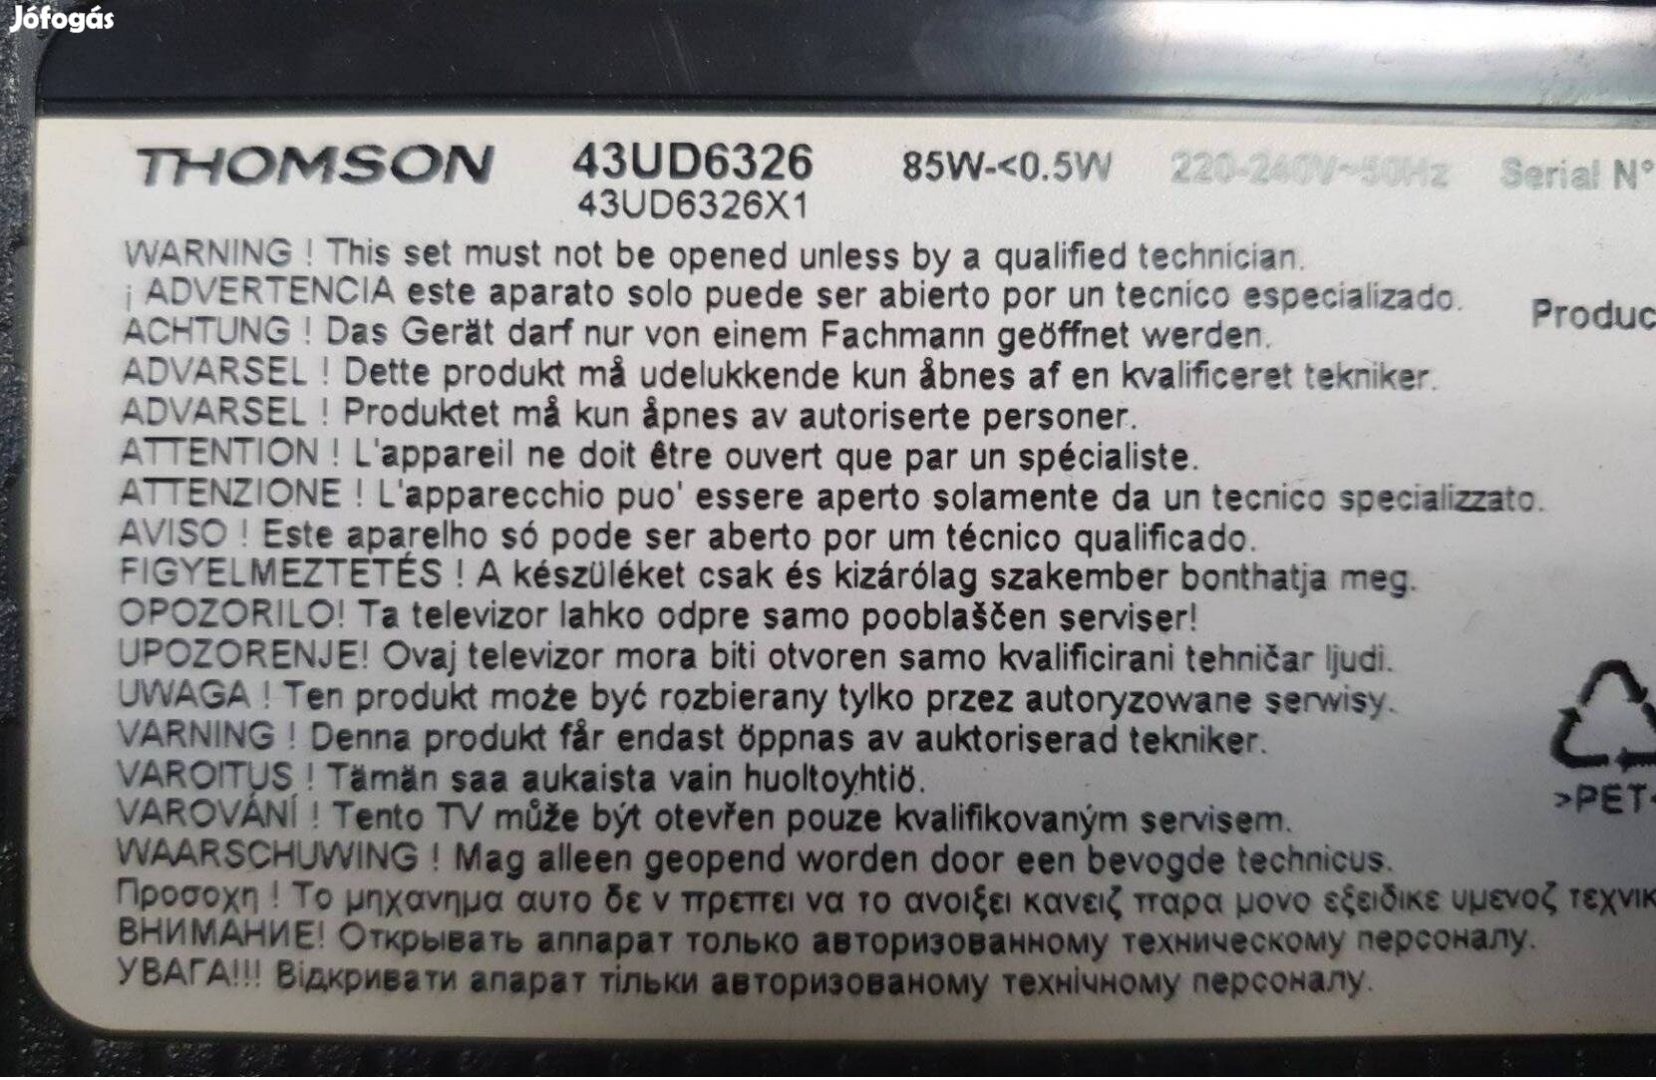 Thomson 43UD6326 LED tv panelek 55T32-COF Auo
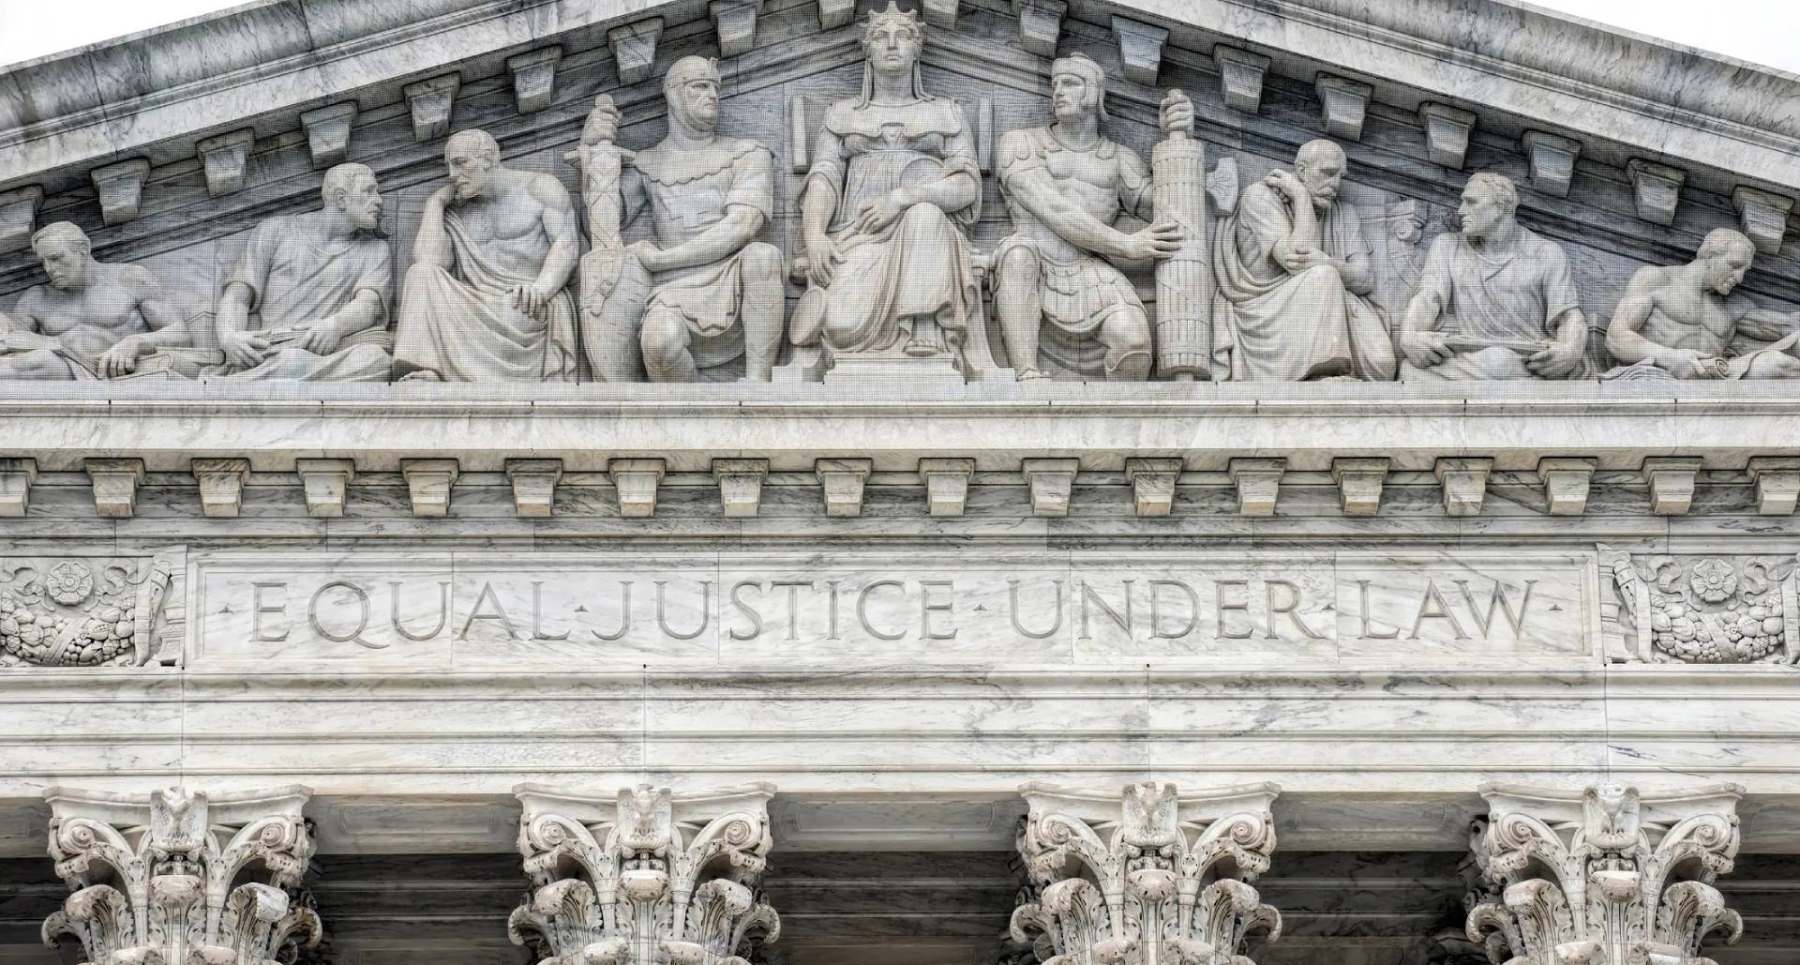 Equal-Justice-Under-Law
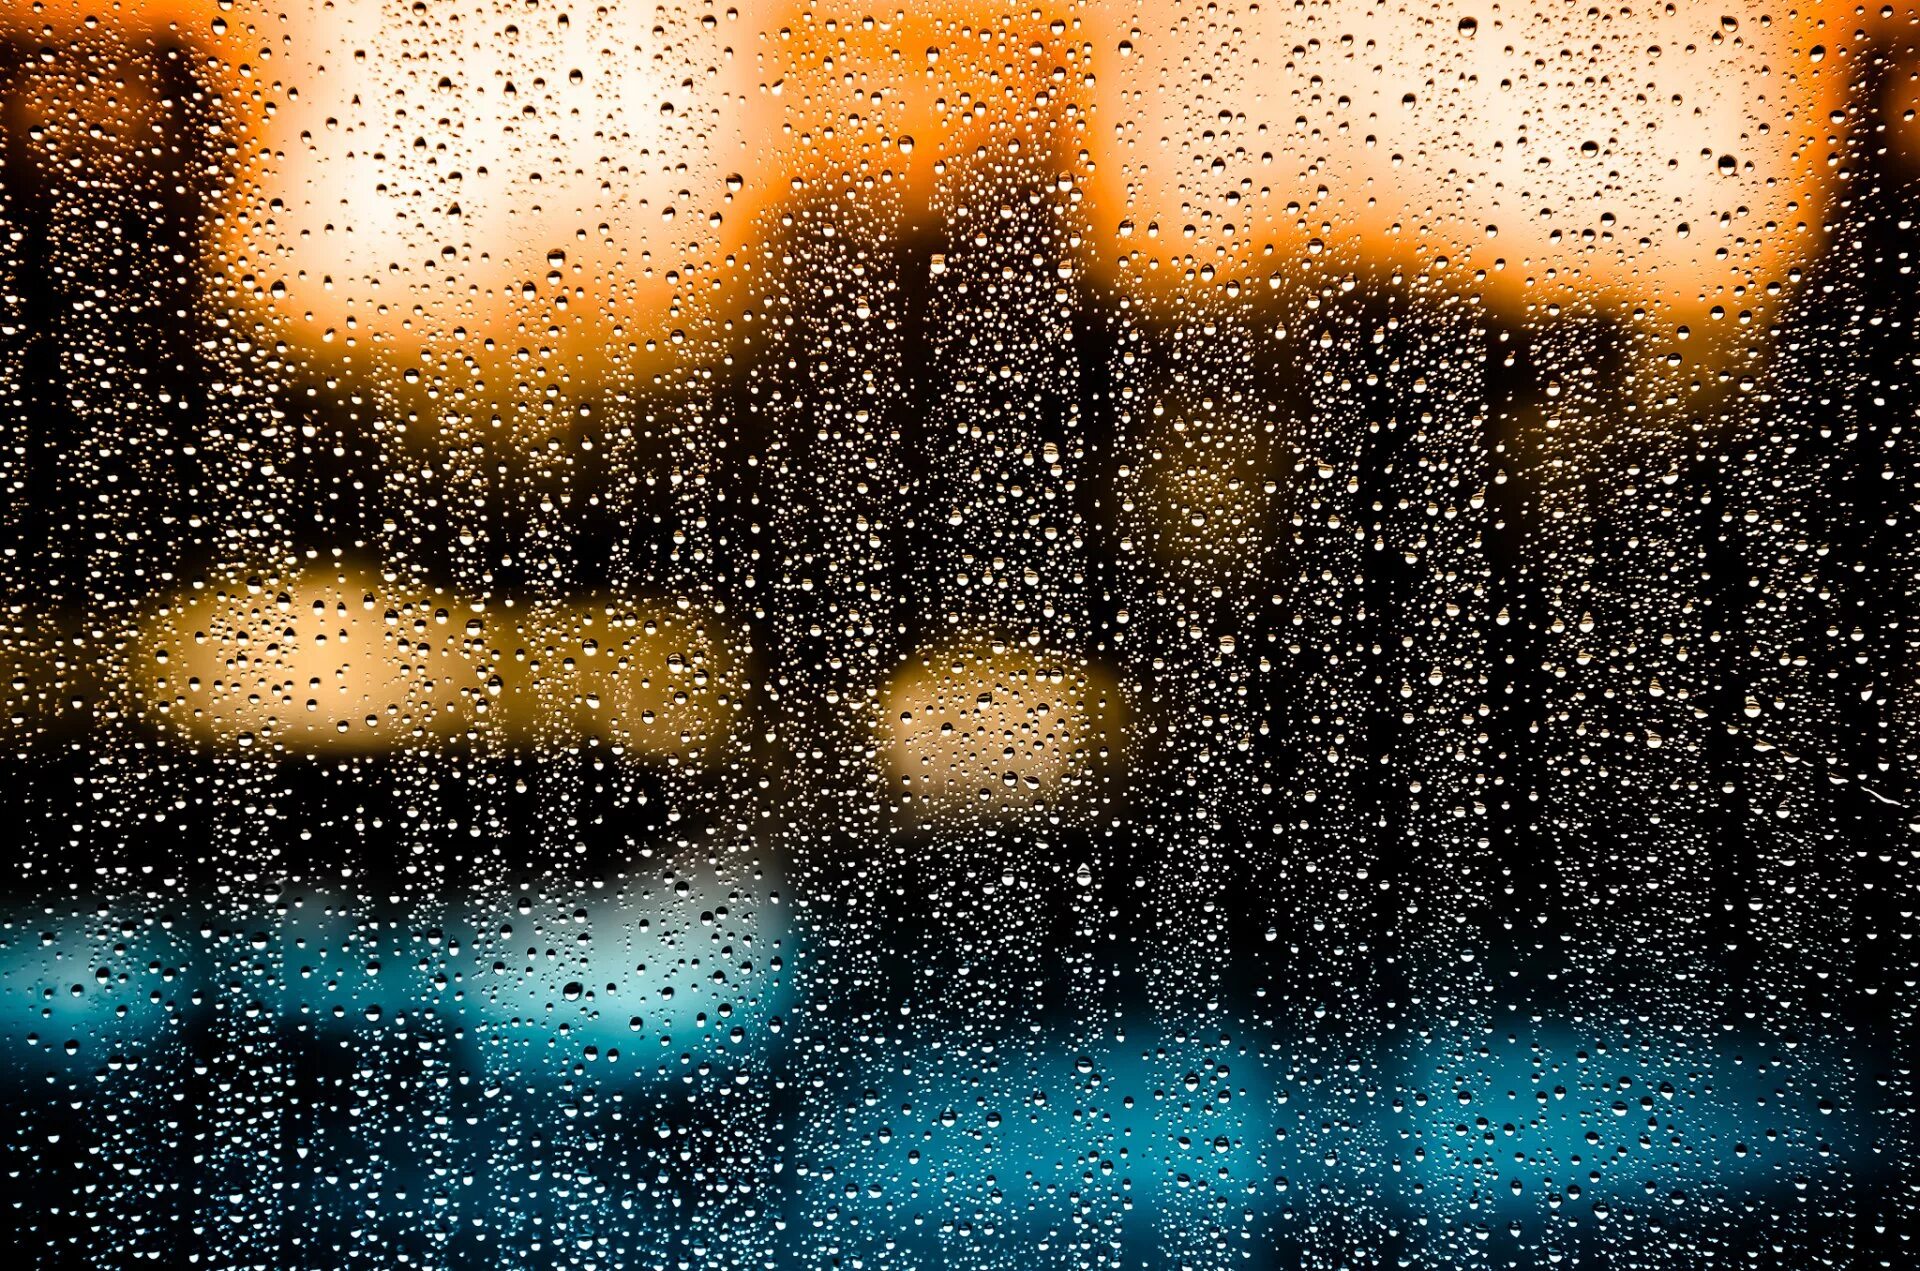 Запотевшее стекло дождь. Капли на стекле. Дождь на стекле. Капли на окне. Капли дождя на стекле.
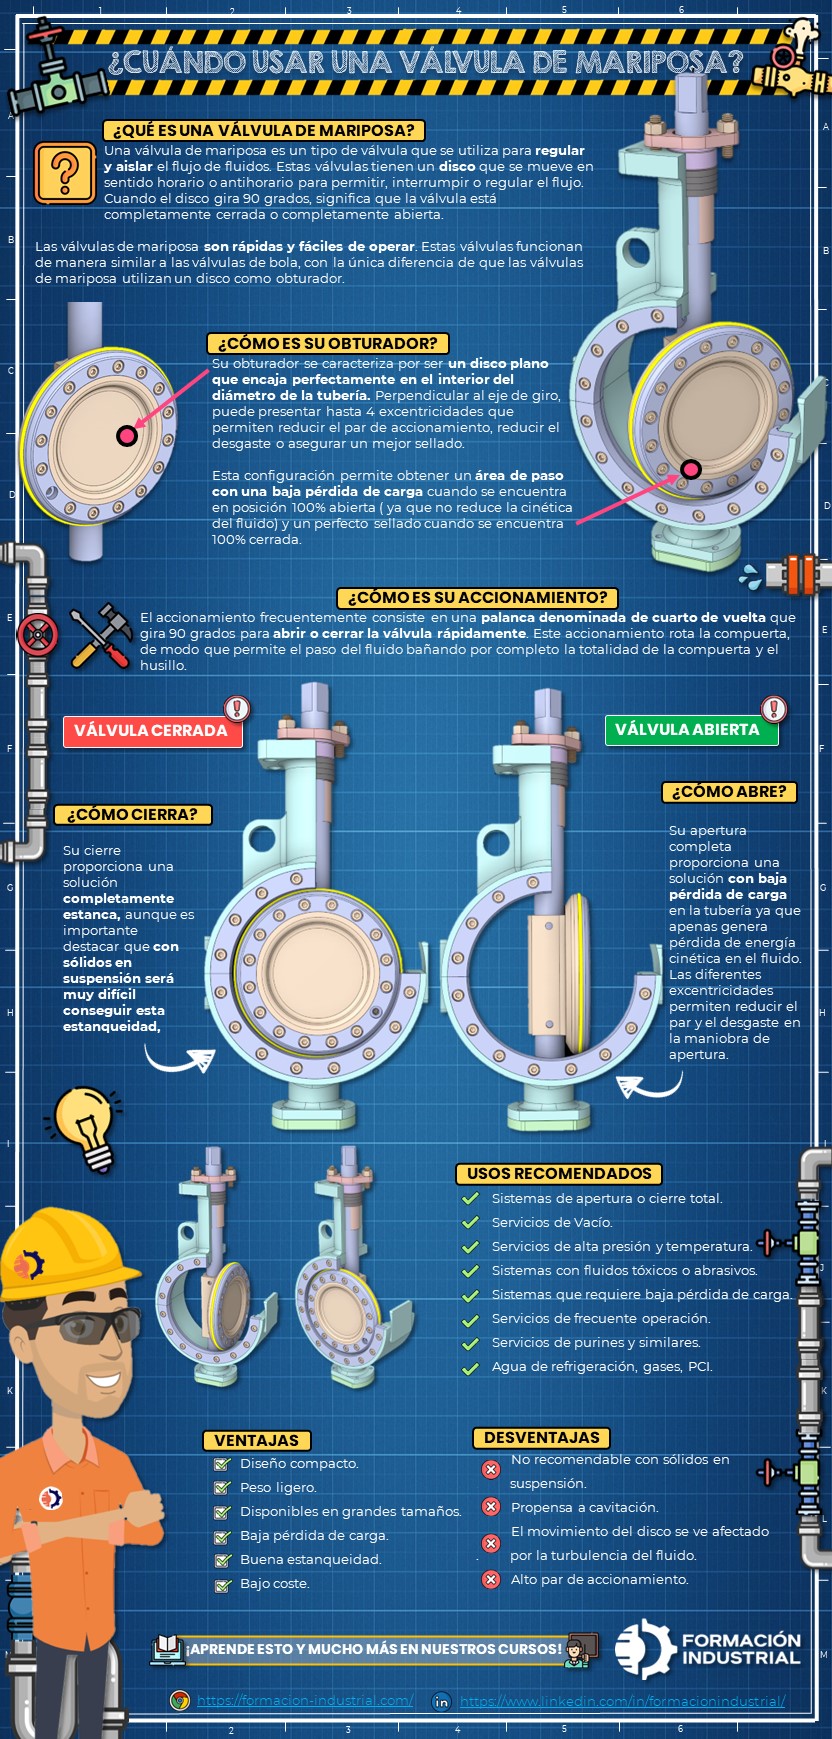 Infografía detallada de los usos de las válvulas de mariposa en sistemas de control de fluidos

━━━━━━━━━━

What's needed is a word-for-word retyping of the listing, minus its pictures.

 Thomson 43UD6326 LED tv panelek 55T32-COF Auo
 Equal-Justice-Under-Law
 Запотевшее стекло дождь. Капли на стекле. Дождь на стекле. Капли на окне. Капли дождя на стекле.
 Infografía detallada de los usos de las válvulas de mariposa en sistemas de control de fluidos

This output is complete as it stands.